Flooded city of Lokoja in Kogi State (Source: Thisday)

Climate

Ghosts of flood victims hunt Nigeria’s billion-naira ecological fund

By Ode Uduu

November 15, 2022

A whirring machine churns out prints at the Royalink Printing Press in Ughelli South Local Government Areas of Delta State while owner Jude Anaborhi supervises. The copies are perfect, but business activities have struggled lately following threatening flood activities.

Flooding is not unusual in Nigeria’s massive, population-dense cities. But this year’s floods are reportedly the country’s worst in a decade. They’ve killed more than 600 people, displaced 1.4 million residents and destroyed 89,348 houses and 70,566 hectares of farmland and crops.
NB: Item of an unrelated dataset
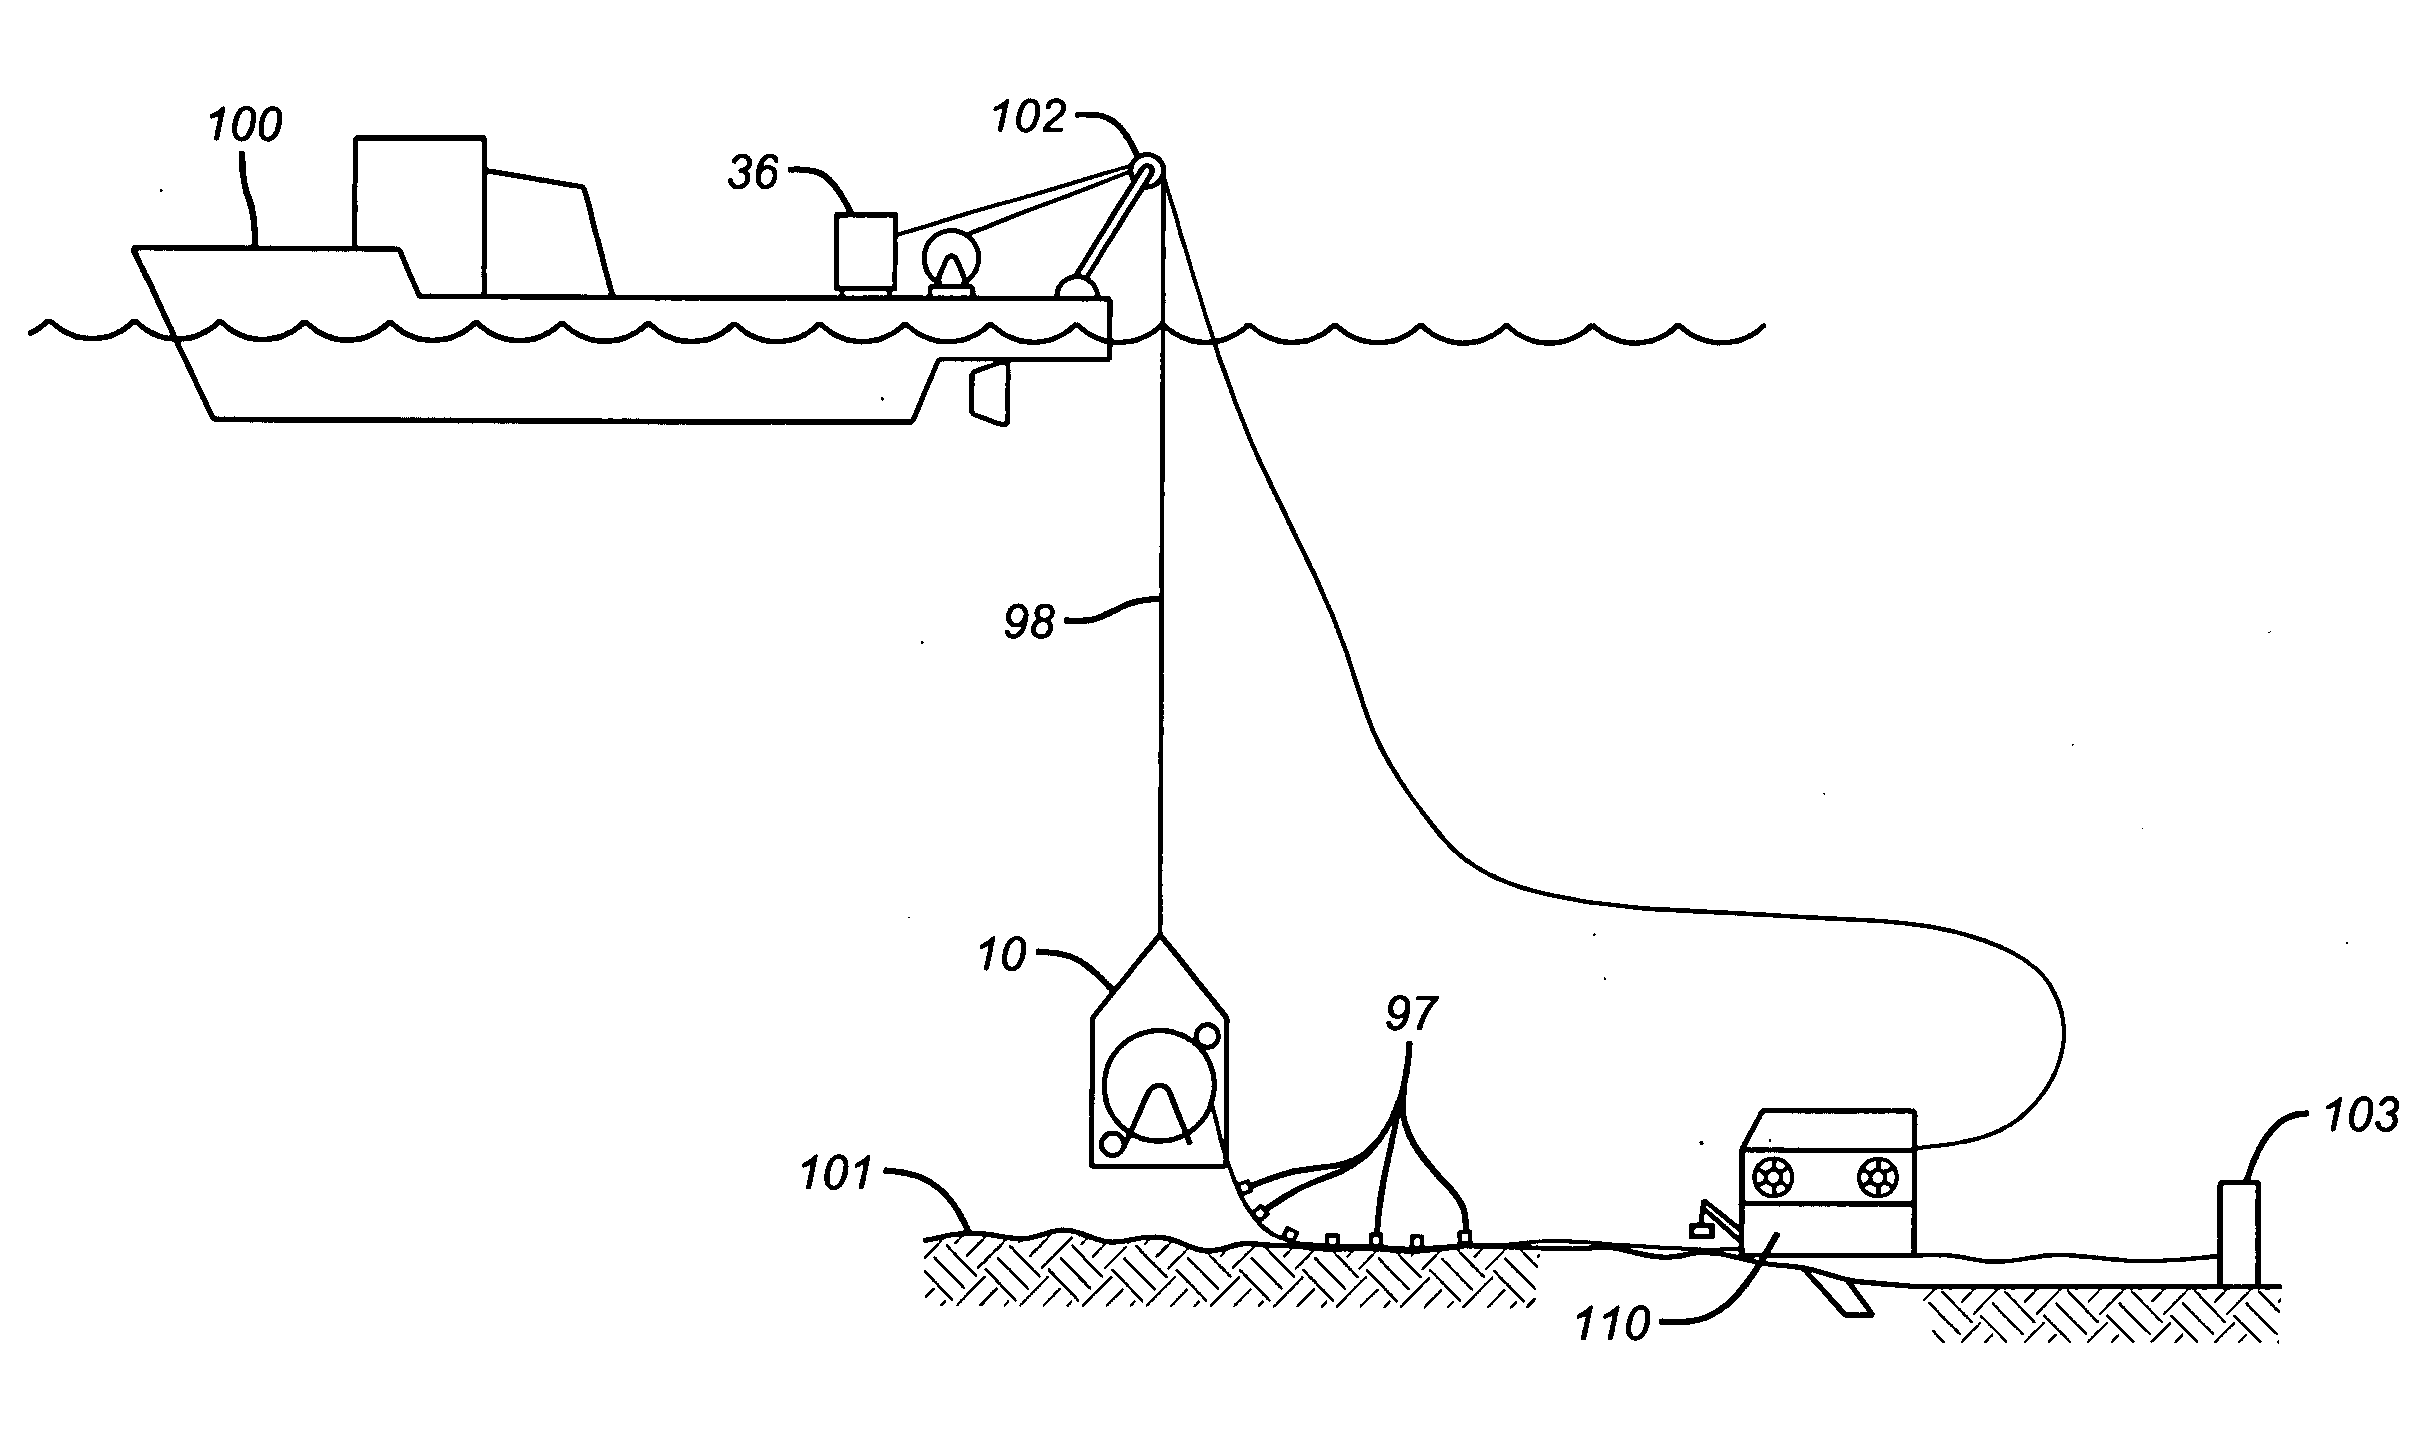 Remotely operated deployment system and method of use

“Businesses are slow for me and my colleagues; people just want to survive first before thinking of printing anything,” Anaborhi, 66, said.

For Blessing Martins, a mother of four, the story is the same.

Every morning, Martins rises before dawn to prepare a cooler of rice and a large pot of beans, as well as yams and an assortment of other staple foods to reheat and sell to customers from a roadside table in a popular market in Nigeria’s southeastern state of Anambra.

Before the flood incident, she would clear a daily profit ranging from roughly N8,000 to N12,000, she said.  But this last quarter, she’s fallen deeper and deeper into the red, with a monthly deficit of at least N5,000.

“Since the flood incident, making profit requires a miracle,” Martins said.

Martins’s belt-tightening fate and the situation of thousands hit by flood waters in at least 27 out of the 36 states has turned the spotlight on the country’s ecological fund.

The fund is a first-line response fund established to provide handy resources for the amelioration of environmental problems such as soil erosion, flood, drought, general environmental pollution, storms, tornadoes, bushfire, and earthquakes.

Data gleaned from the monthly Federation Account Allocation Committee reports showed that between March 2021 and July 2022, Nigeria set aside a total of N52.33 billion for the derivation and ecological fund account for the 36 states in the country.

A breakdown of the disbursement shows that N30.6 billion was shared with the state governments in 2021 and N21.84 billion in the first seven months of 2022.

Experts say the implementation of the ecological fund has not made the required impact on flood crisis that has displaced more than 1.3 million people across 33 states.

“Nigeria’s food system is completely in disarray. The ongoing flooding has added to the problems of the food system, thus reducing food availability,” said Kabiru Ibrahim, national president of the All Farmers Association of Nigeria (AFAN) in a response to questions.

“Hunger is going to further rise as we currently do not have anything in our reserves that would have served as a buffer to cushion the effect that would come from the shortfall,” Ibrahim noted.

He added that the flooding situation in the country has added to the problems of worsening insecurity, the impact of the Russia-Ukraine war, and surging costs of key inputs already rattling farmers.

This, according to him, is a serious problem for a nation where inflation is at a 17-year high, led by food inflation at 23.34 percent.

Governor Chukwuma Soludo noted that this had worsened our bad situation, especially for the people in his state.

 He pointed out that about 30percent of the state is under threat, which increases the vulnerability of the people to economic crises.

Mai Farid, African Department, IMF, noted that the supply of agricultural products would drop, putting more pressure on prices.

He observed that the effect on the transportation networks would make food harder to transport across the country.

The Nigerian Meteorological Agency (NiMet) had earlier warned that at least 32 of 36 states of Nigeria, including Kaduna, Borno, Delta, and Bayelsa, were expected to experience a high risk of flooding this year.

Already, Benue, Jigawa, Nasarawa, Taraba, Kano, Bauchi, Niger, Anambra, Kogi, and Ebonyi have recorded flooding incidents within the last month.